Work item
Leaving all pictures out, output exactly and only the line containing "La alcaldesa en Fitur" and the lines that follow it to the end of the material below.

BEGIN Input data

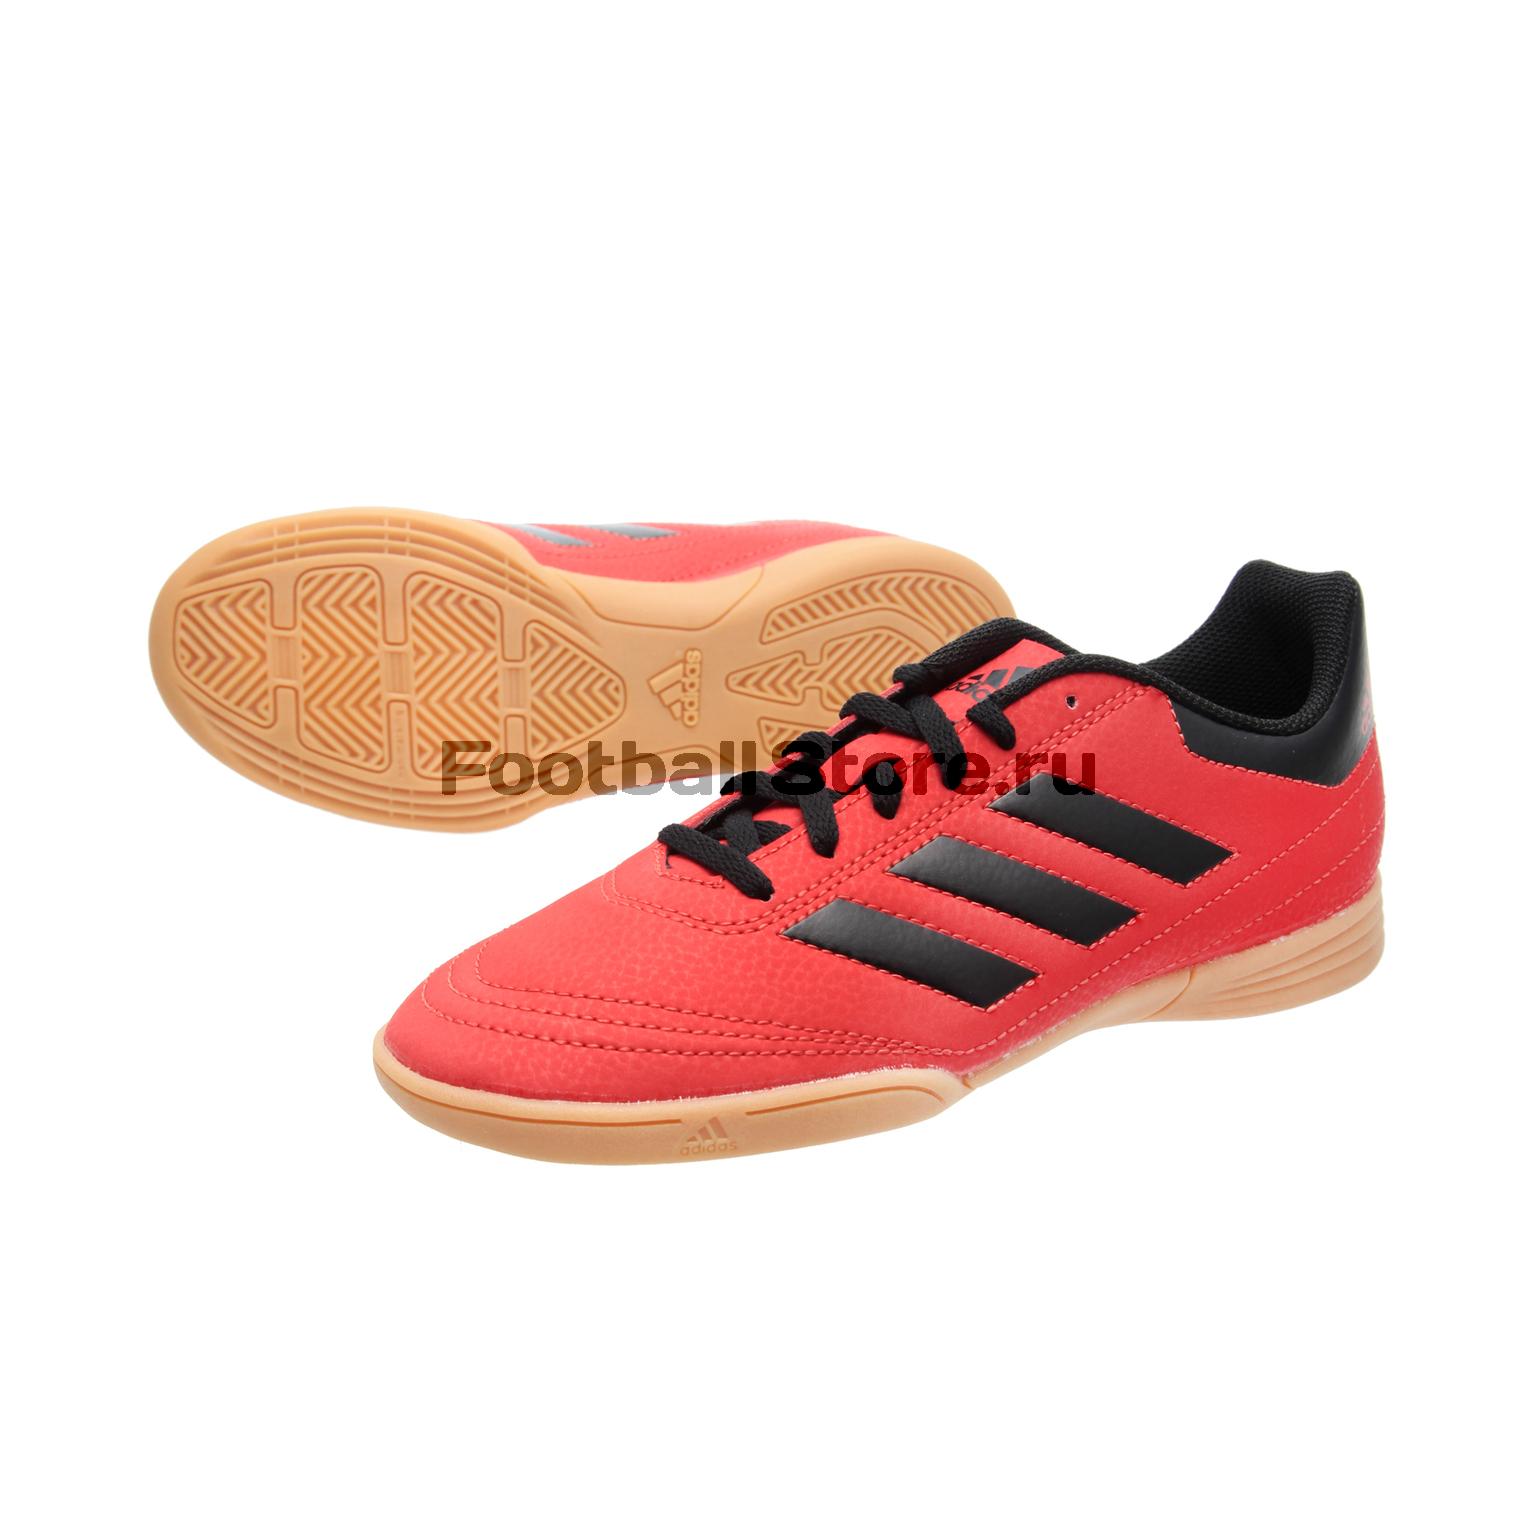 цена на Бутсы Adidas Обувь для зала Adidas Goletto VI IN JR S81099
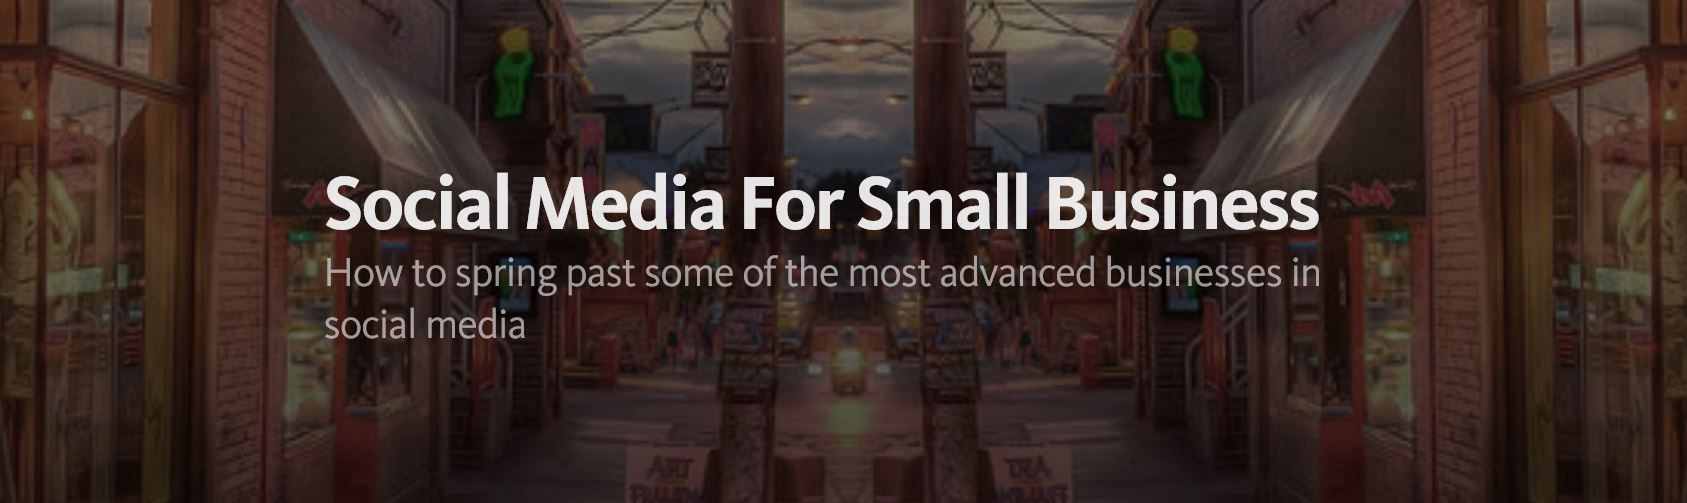 Social Media For Small Business   #SocialMedia #SmallBiz
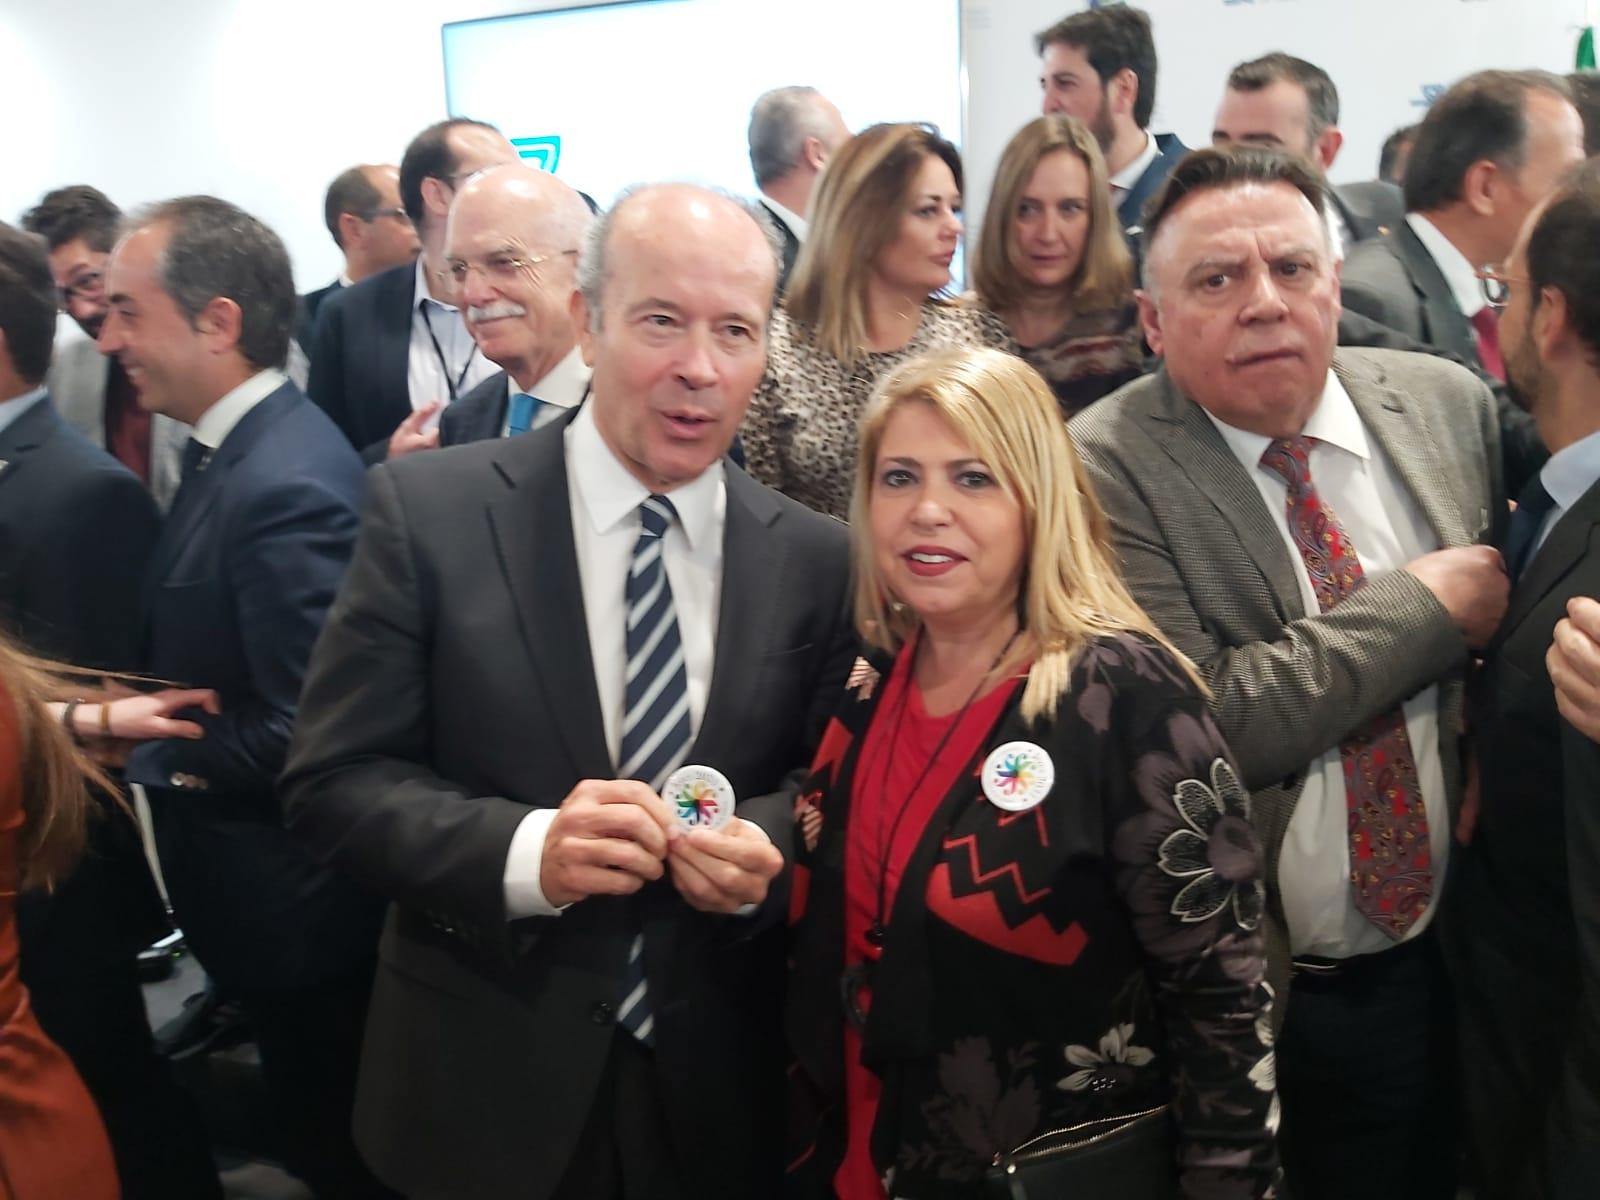 La alcaldesa en Fitur
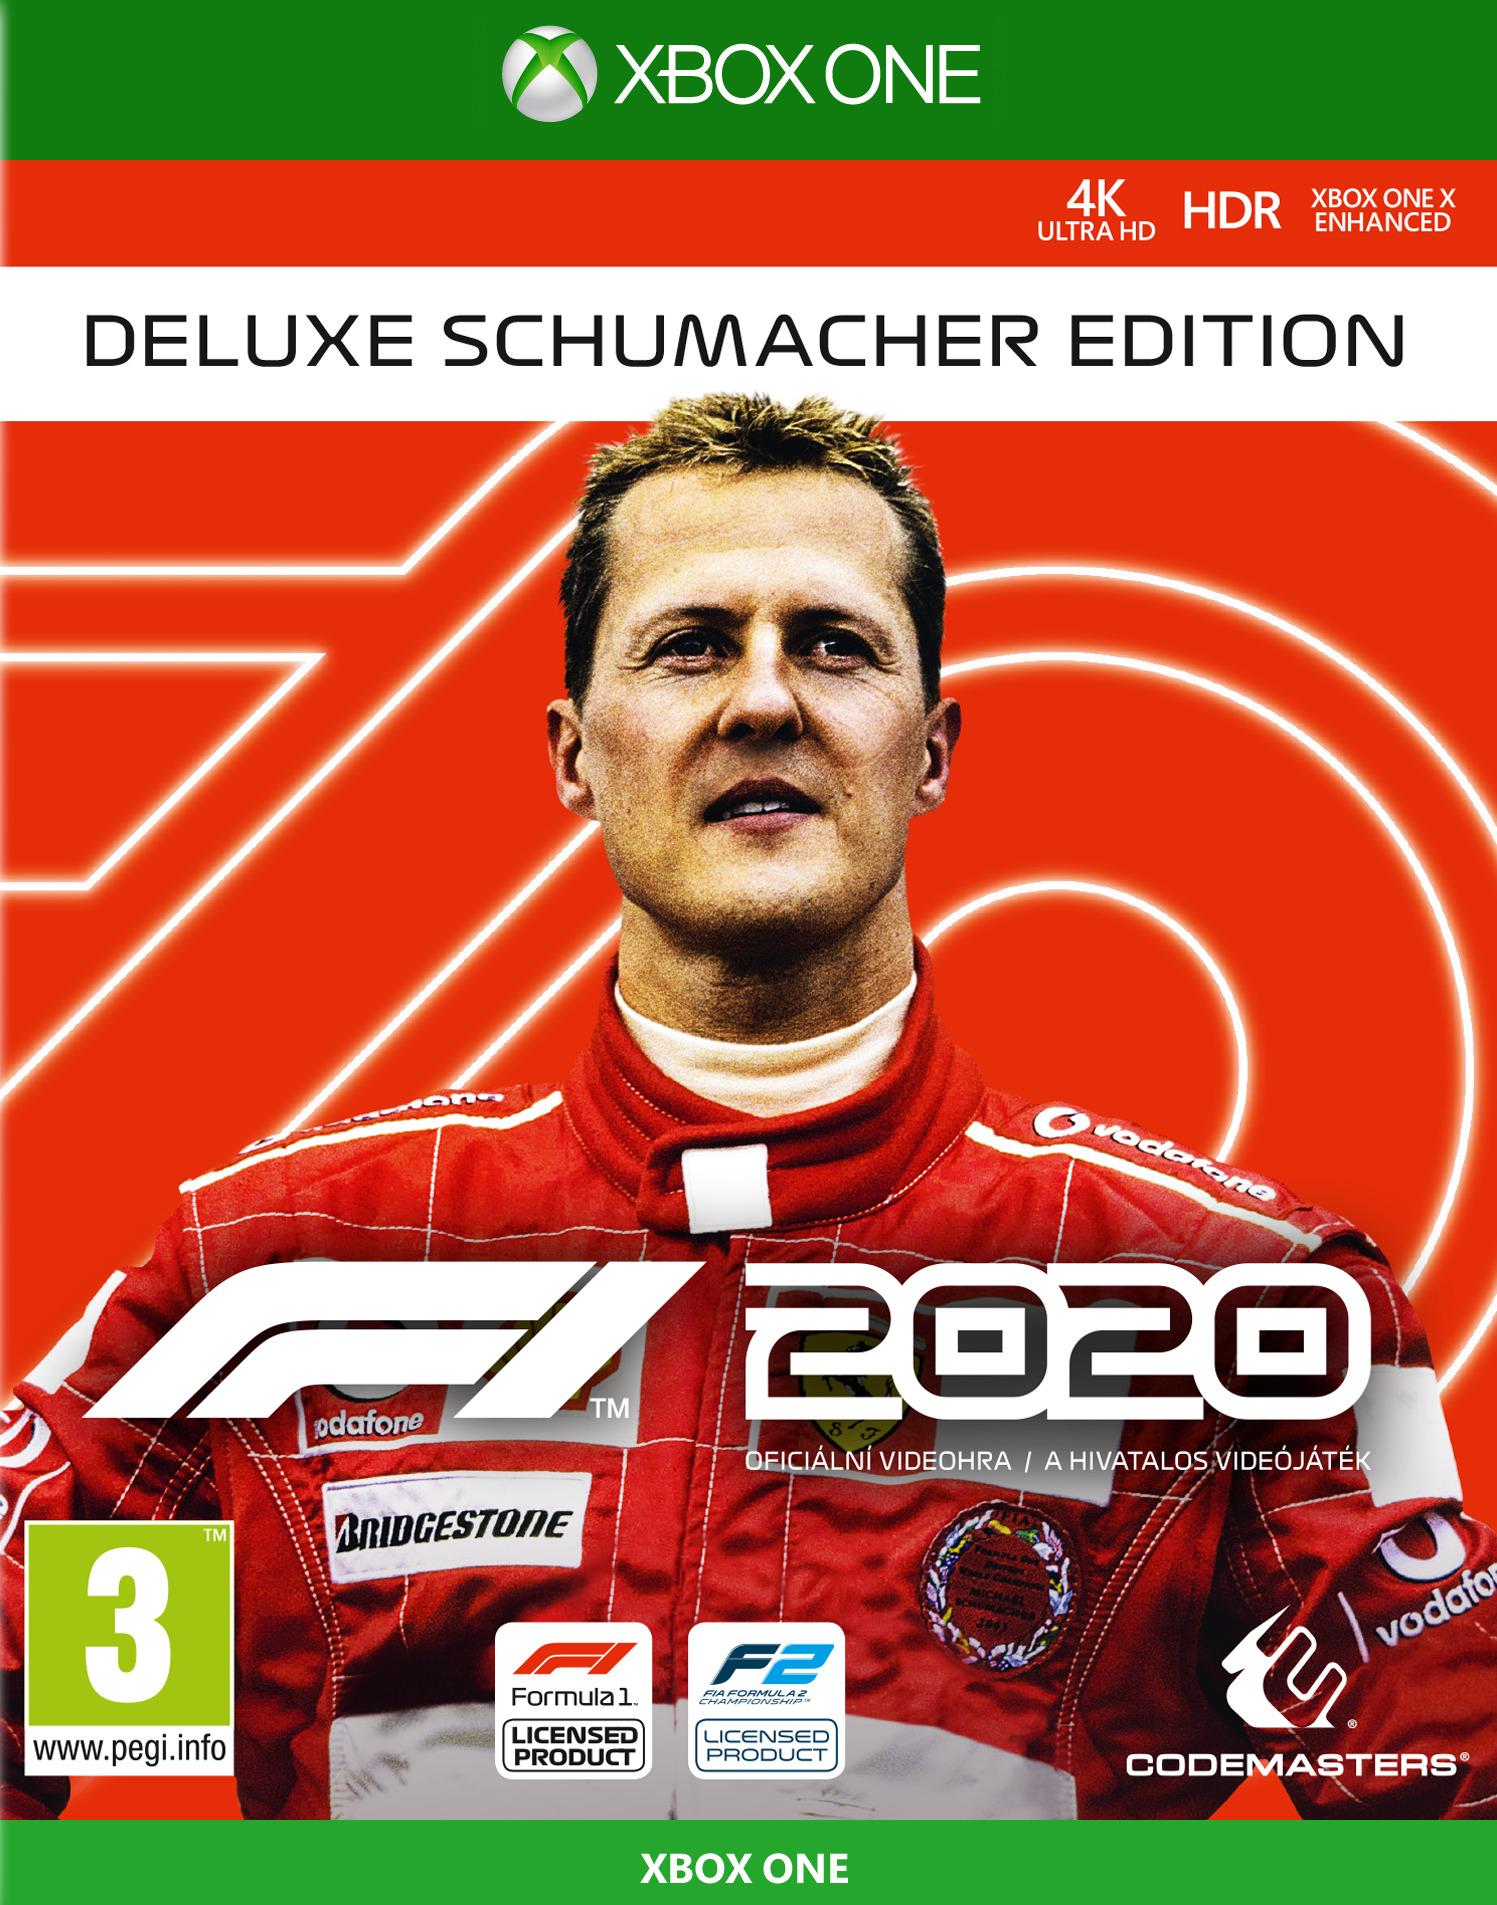 F1 2020 - Deluxe Schumacher Edition (XBOX)

END Input data

Answer to this exercise
 La alcaldesa en Fitur
 F1 2020 - Deluxe Schumacher Edition (XBOX)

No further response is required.